Was die Menschen aber gerade wirklich beschaeftigt, ist dass die Regierung alles daran setzt die Opposition auszuhebeln und Mundtot zu machen. Wie ernst dieses Thema tatsaechlich ist, kann ich von meiner Position her ueberhaupt nicht einschaetzen. Im Alltag in Ndola bekomme ich nichts davon mit. Zahlreiche Demonstrationen und Protestaktionen wurden bisher von der Polizei unterbunden, welche laut Verfassung loyal zum Praesidenten zu sein hat. Wird sicherlich interessant zu sehen, ob der Praesident Michael Sata seiner autoritaeren Linie treu bleibt, oder doch noch sein demokratisches Gesicht zeigt. Die Leute, mit denen ich ueber ihn rede, werden jeden Falls immer unzufriedener. Letztes Jahr ist er noch mit grossem Beifall Praesident geworden. 20 Jahre lang war zuvor die MMD an der Macht gewesen. 20 Jahre, die solangsam echt nach Wahlbetrug gestunken hatten. Endlich konnte nun Sata mit seiner „Patriotischen Front“ diese Serie brechen. Sata hatte zuvor versprochen in den ersten 3 Monaten seiner Amtszeit eine Million neue Jobs zu schaffen. Das einzige, was von diesem Versprechen uebrig geblieben ist, ist dass er kontinuierlich neue Distrikte kreiert. Diese neuen Distrikte brauchen naemlcih neue Verwaltungen, welche – so sagt man – er in die Haende seiner  Familienmitglieder gibt.
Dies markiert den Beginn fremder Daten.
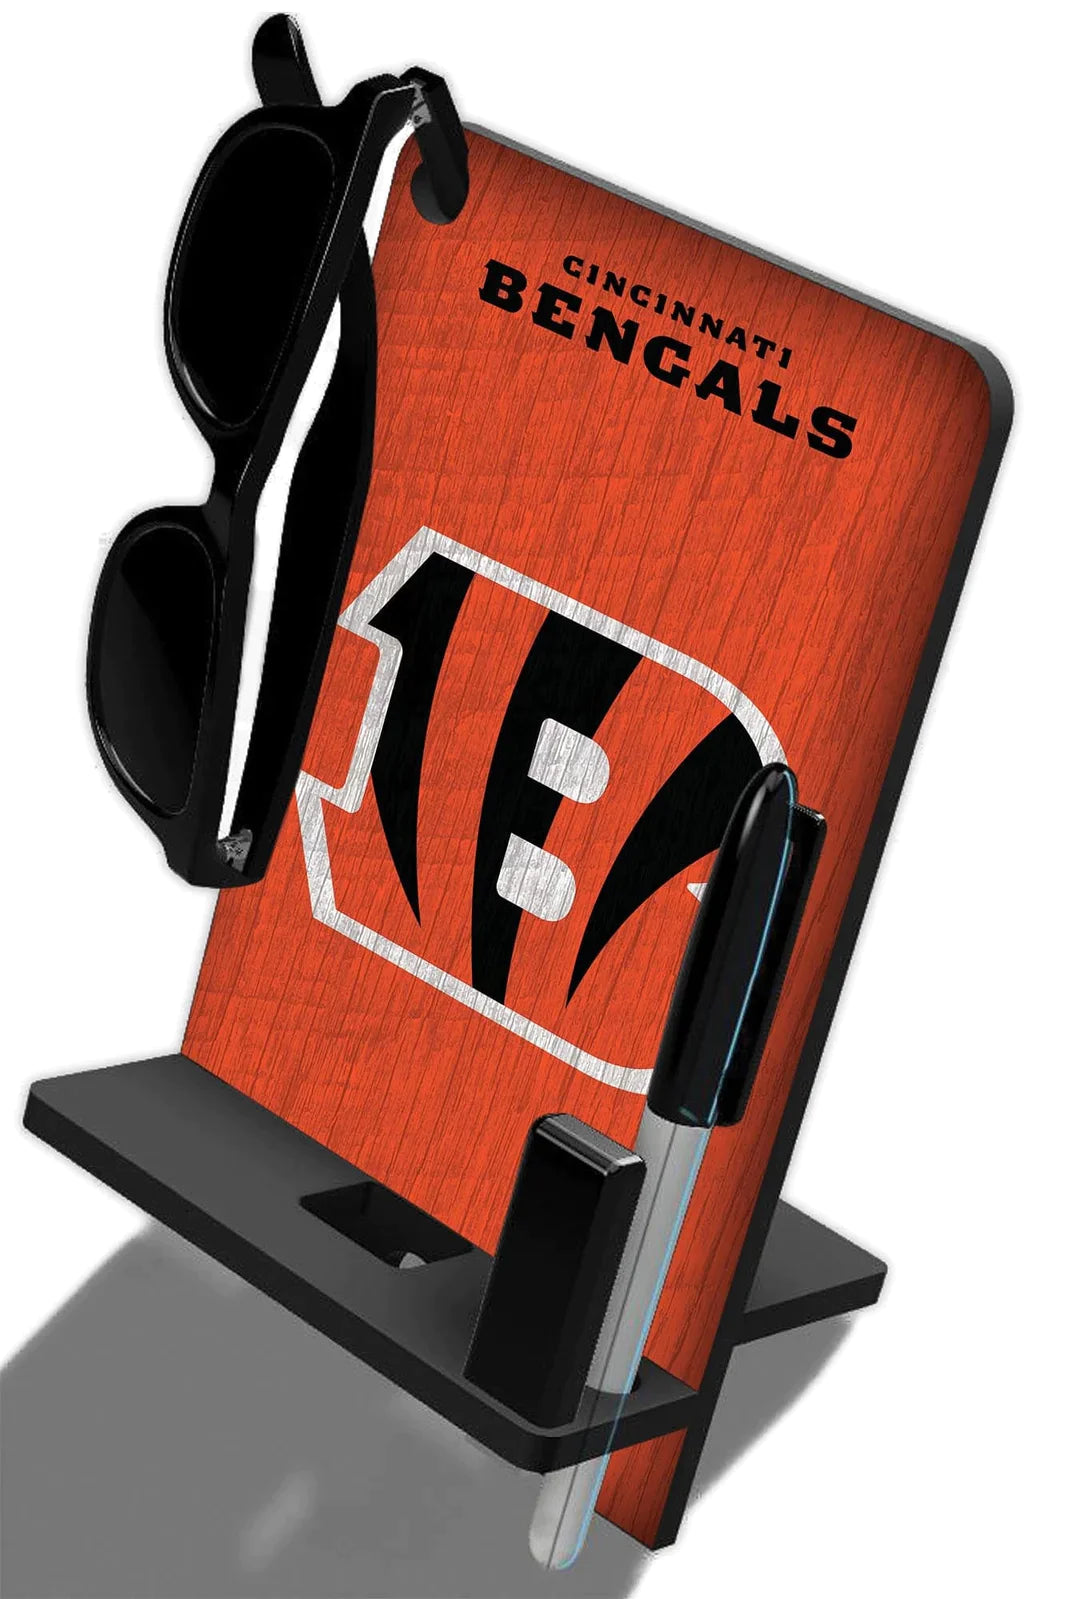 Base de escritorio para Celular Phone Stand NFL Bengals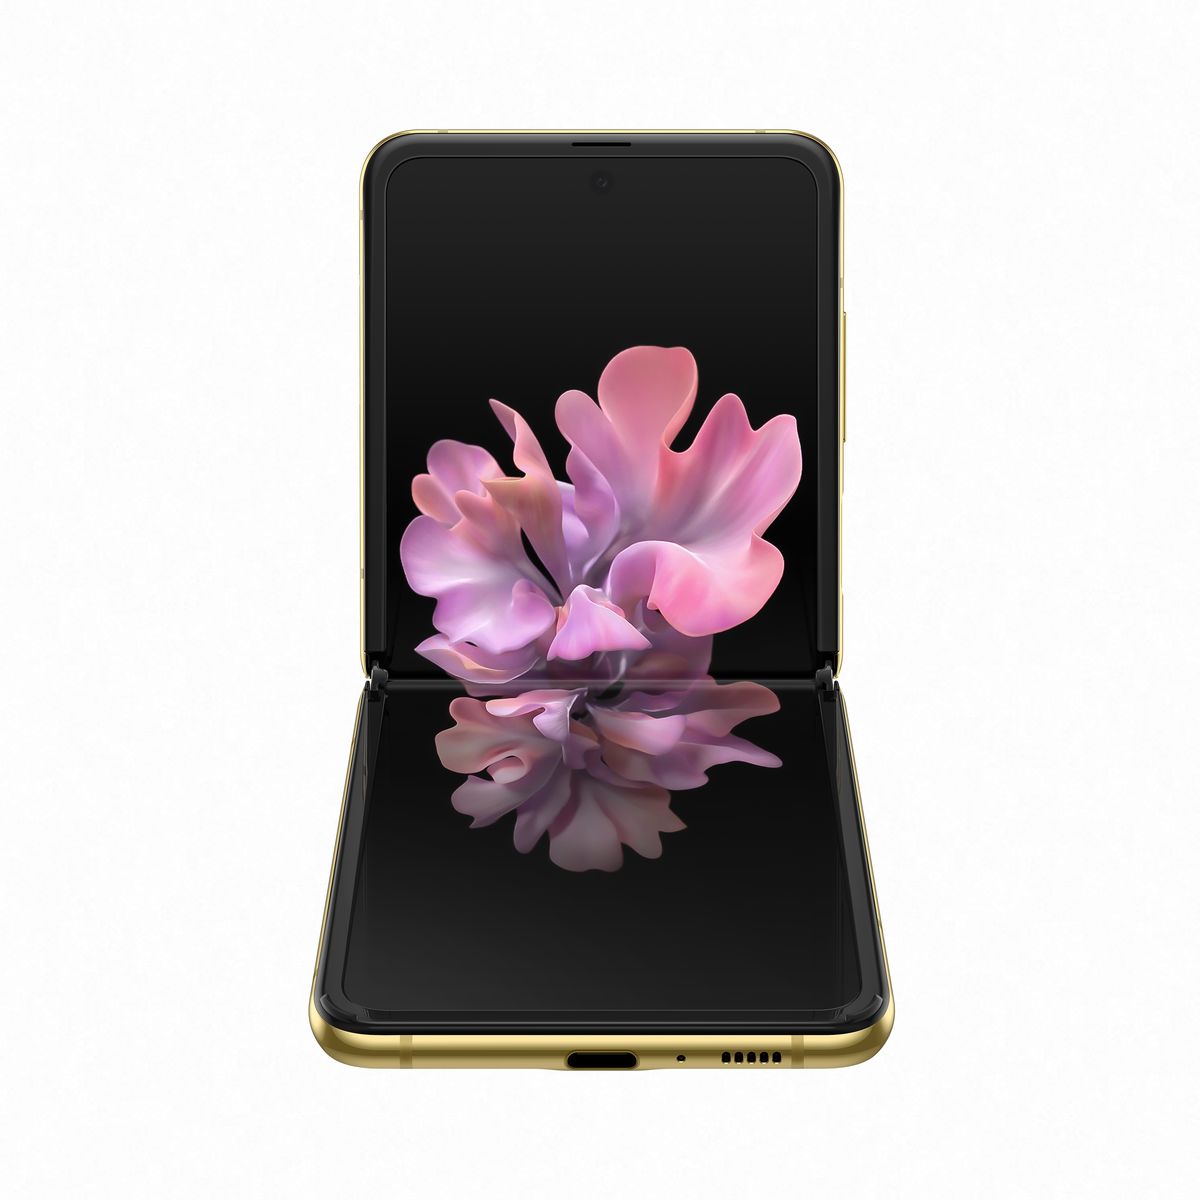 Samsung Galaxy Z Flip Smartphone Gold 256GB/8GB/6.7 Inch FHD+/12MP+10MP/3300mAh/Single + eSIM

Seit laengerem wartet auch schon eine neue Verfassung darauf in Kraft zu treten. Dieses von Experten ausgearbeitete und von der kirche propagierte Skript verspricht mehr demokratische Elemente wie eine unabhaengige Iudikative, eine Schulpflicht, die Staerkung des Parlaments und eben auch eine Machteinschraenkung des Praesidenten. Womoeglich liegt es daran, dass dieses Papier in den Senken irgendwelcher Regale verschwunden ist.
Woran allerdings in letzer Zeit sehr fleissig gearbeitet gearbeitet wurde, war die Waehrungsreform, die am 1.1.2012 in Kraft getreten ist. Dank der extremen Inflation nach den Marktoeffnungen vor gut zwanzig Jahren zahlt der Sambier seit laengerem schon  5000 Kwacha fuer sein Brot. Um diese Inflation etwas zu verschoenern oder sogar vergessen zu machen, sollten die Preise der Normalitaet angepasst werden. Es wurden kurzer Hand drei Nullen auf den Banknoten gestrichen. Das heisst, neu designtes Geld ist nun im Umlauf, sogar Muenzen wurden wieder gestanzt. Das neue Geld ist von der Bevoelkerung gut angenommen worden und hat sich schon wahnsinnig schnell verteilt. Aber der psychologische Aspekt dieses Geldes ist auch der einzige, der mir einfaellt, wenn ich nach dem Sinn dieses Prestigeprojekts suche. Ob die Reform positive Auswirkungen auf die Wirtschaft hatte, kann ich gar nicht sagen. Die Preise sind groesstenteils gleich geblieben.
Nur fuer mich hat die ganze Geschichte einen bitteren Beigeschmack. Ich bin naemlich jetzt leider kein Millionaer mehr.

Der einzige wirkliche Zwischenfall in meiner unmittelbaren Umgebung von dem ich berichten koennte geschah, als ich gerade am Urlaub machen war. Ein in Ndola lebender Somalier hatte seinen sambischen Arbeiter, der auf seinen Lohn gepocht hatte, auf Grund von Zahlungsschwierigkeiten erschlagen. Daraufhin hatten mehrer Sambier alle somalschen Geschaefte in der Innenstadt gepluendert. Die Innenstadt war danach fuer mehrere Tage tot gewesen. Der betreffende Somalier ist bereits vor Gericht, trotzdem kamen immer wieder Geruechte auf, nach denen die eine oder die andere Seite noch etwas planen wuerde. Eigentlich sit die Atmosphaere aber auch schon wieder entspannt. Um mich muessen sich keine Sorgen gemacht werden.

Ich hoffe, ich konnte Euch einen hiermit einen kleinen Einblick in das alltaegliche politische Geschaeft in Sambia geben. Zu meiner Wohnungssituation schreibe ich heute noch einmal nichts, weil sich noch nichts getan hat. Ich lebe immer noch bei meiner alten Gastfamilie. Es war doch noch nicht alles so geklaert wie gedacht.